GOAL OF THE EXERCISE
Range to repeat from the listing below: the line containing "Natural Sapphire Diamond" down to the line containing "Bead Lazulite Lapis", both included. Copy it exactly, pictures excluded, and add nothing else.
==== INPUT ====
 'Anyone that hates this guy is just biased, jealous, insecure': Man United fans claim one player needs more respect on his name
====
==== INPUT ====
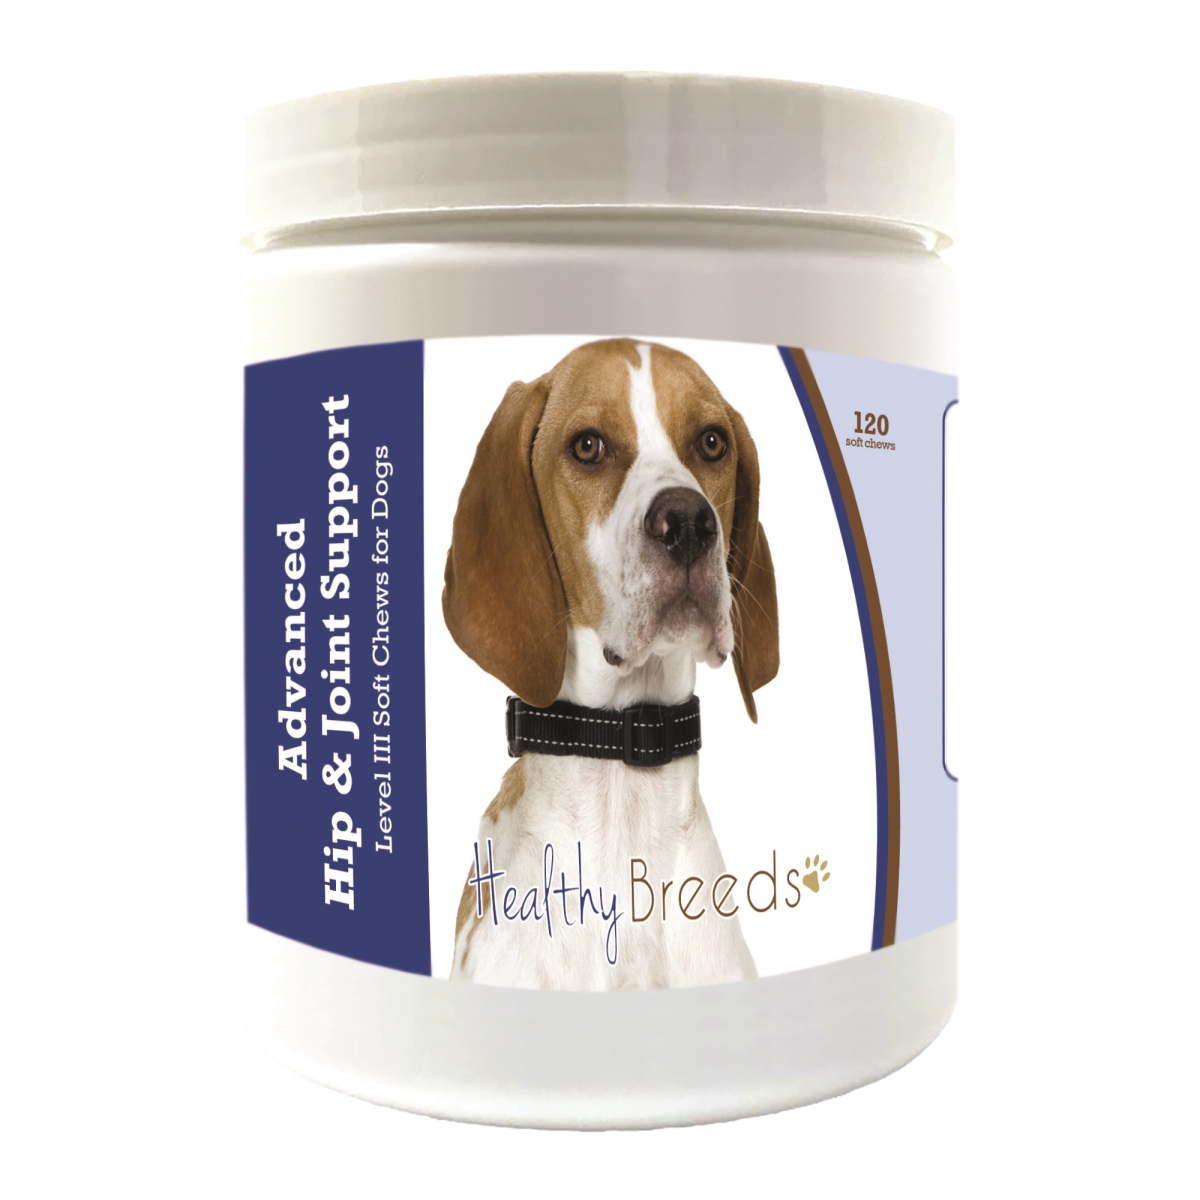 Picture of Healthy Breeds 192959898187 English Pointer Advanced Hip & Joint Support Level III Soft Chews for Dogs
====
==== INPUT ====
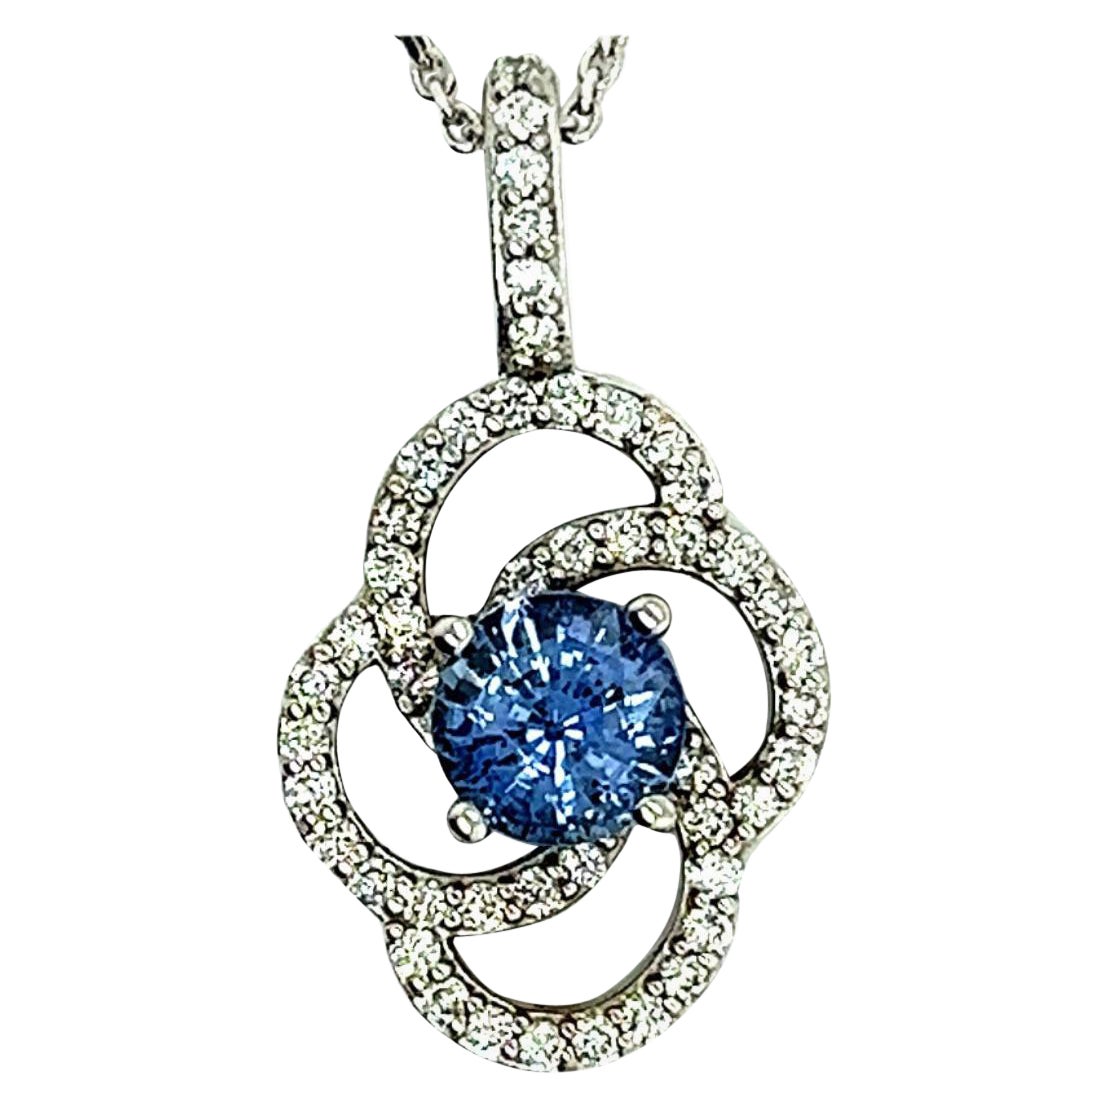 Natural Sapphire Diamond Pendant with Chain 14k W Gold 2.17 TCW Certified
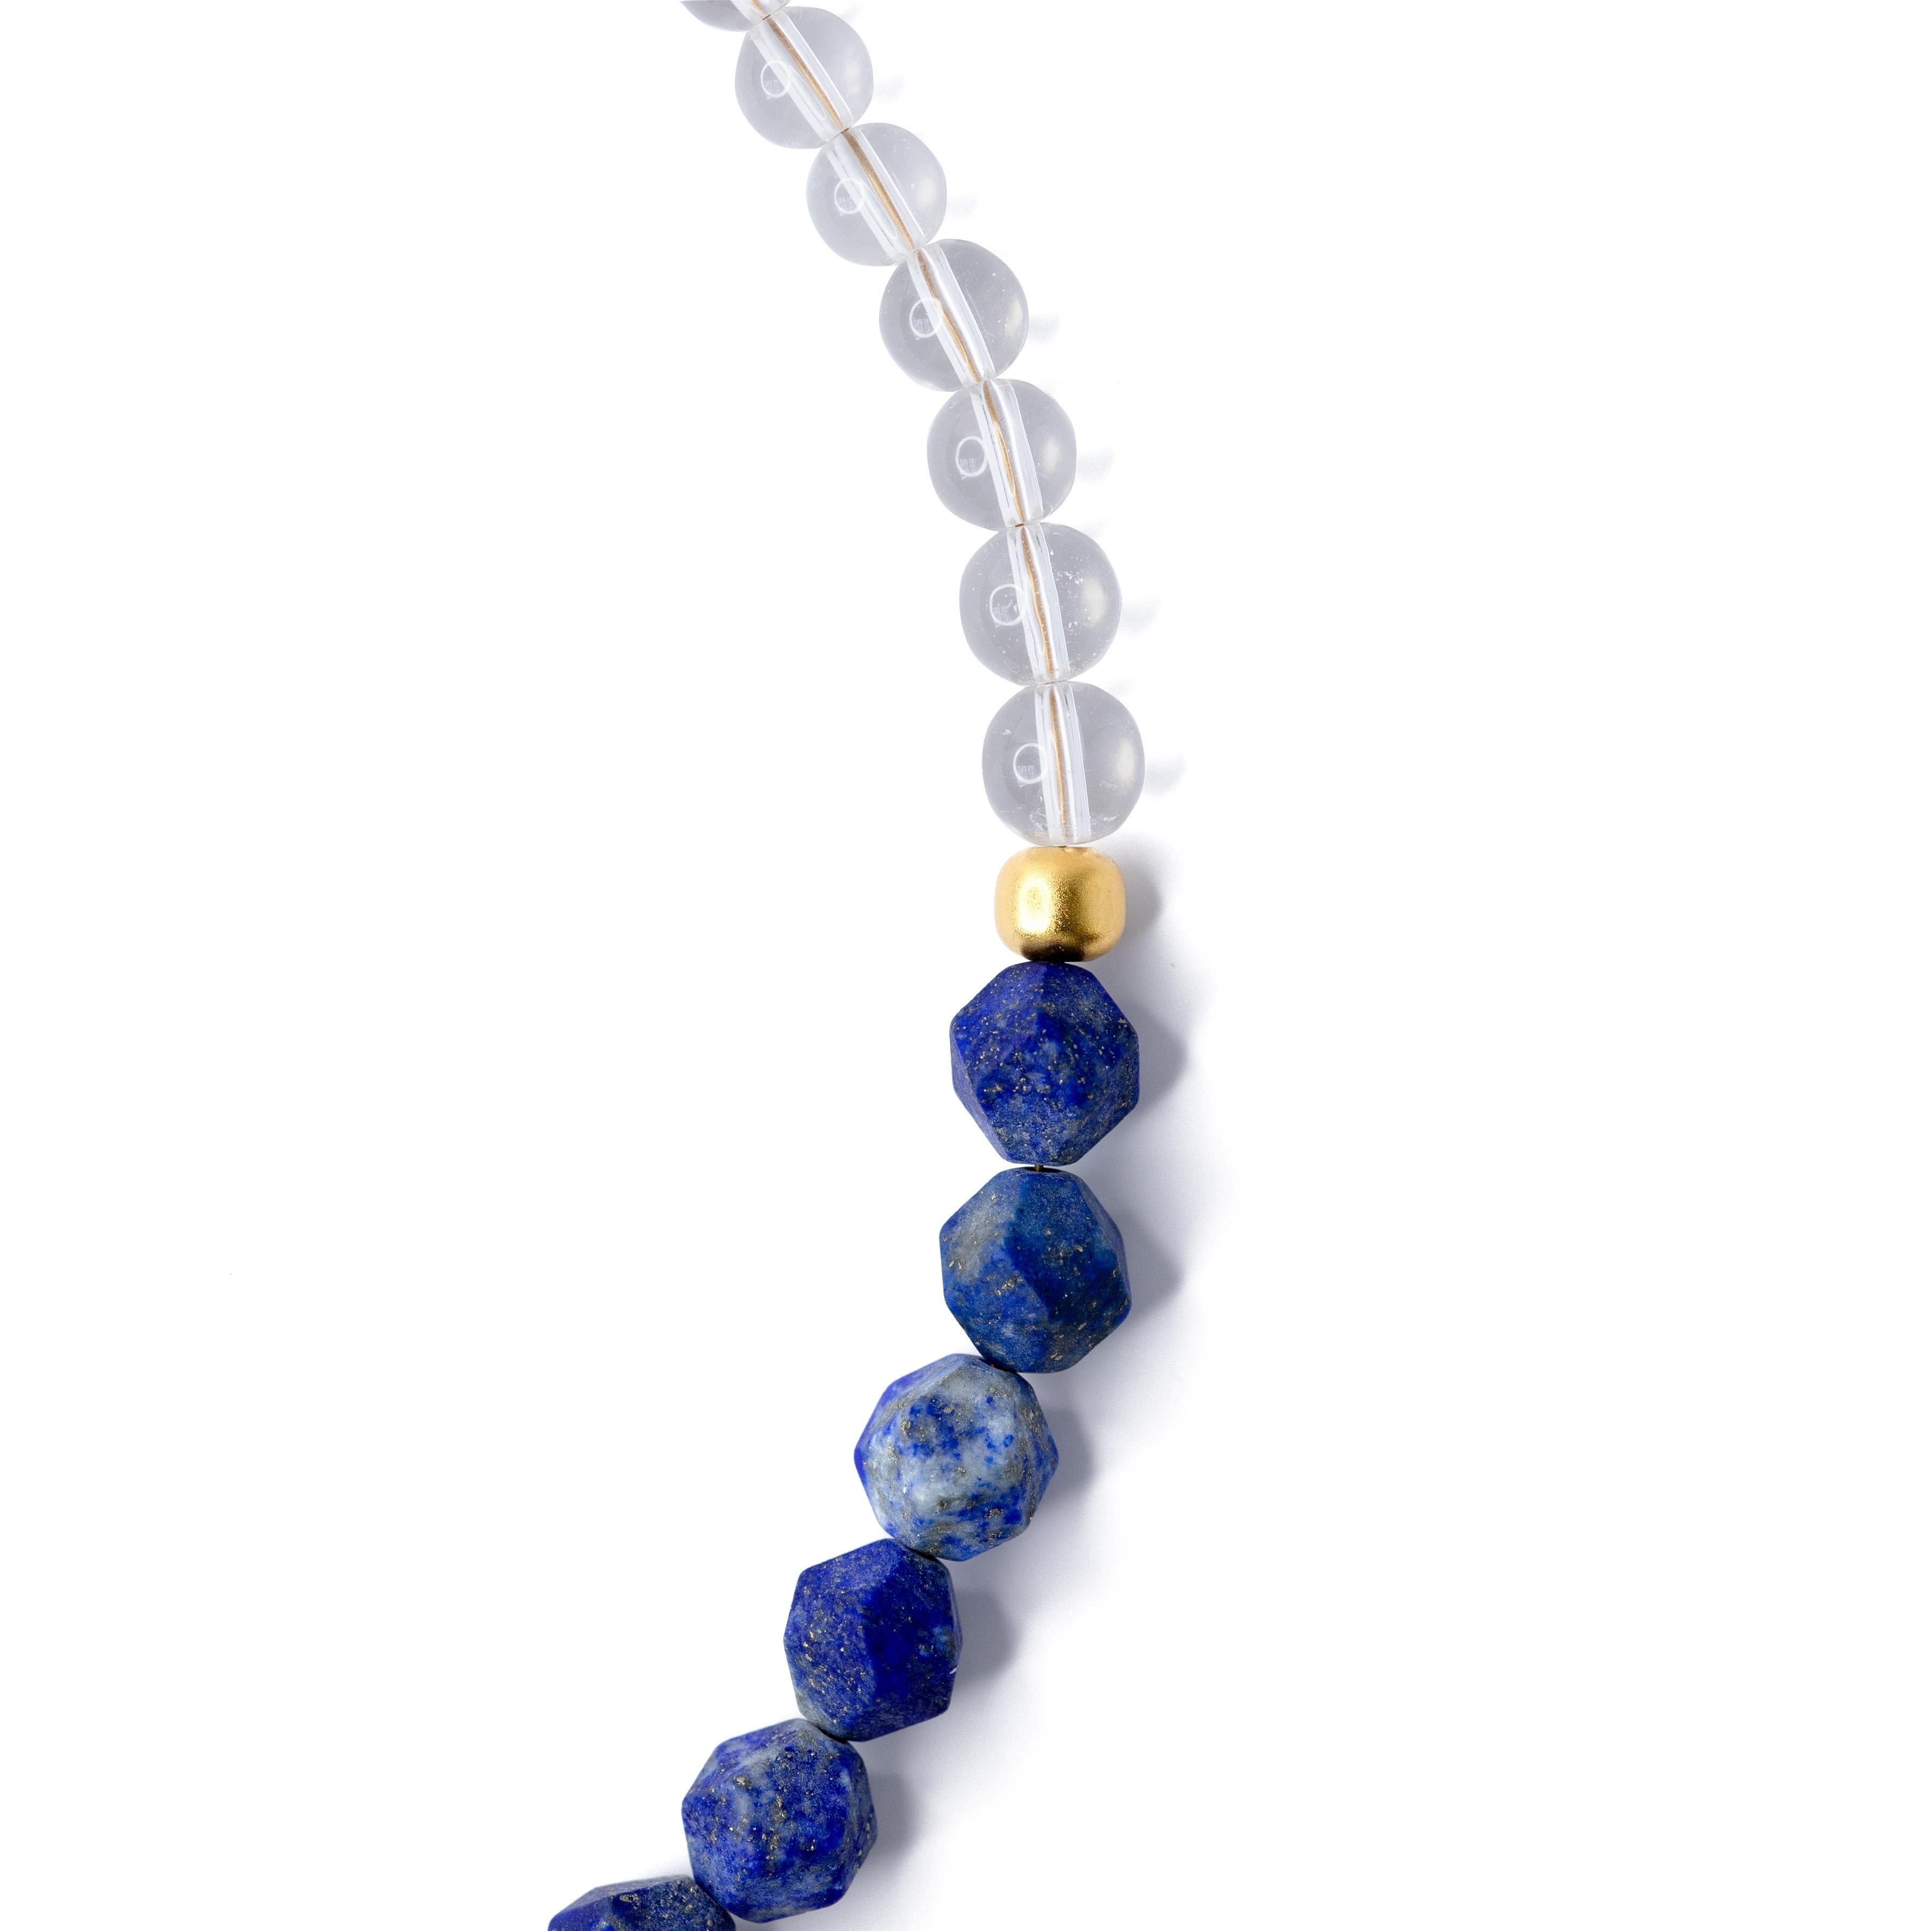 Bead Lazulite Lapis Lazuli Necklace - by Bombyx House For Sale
====
RESULT
 Natural Sapphire Diamond Pendant with Chain 14k W Gold 2.17 TCW Certified
 Bead Lazulite Lapis Lazuli Necklace - by Bombyx House For Sale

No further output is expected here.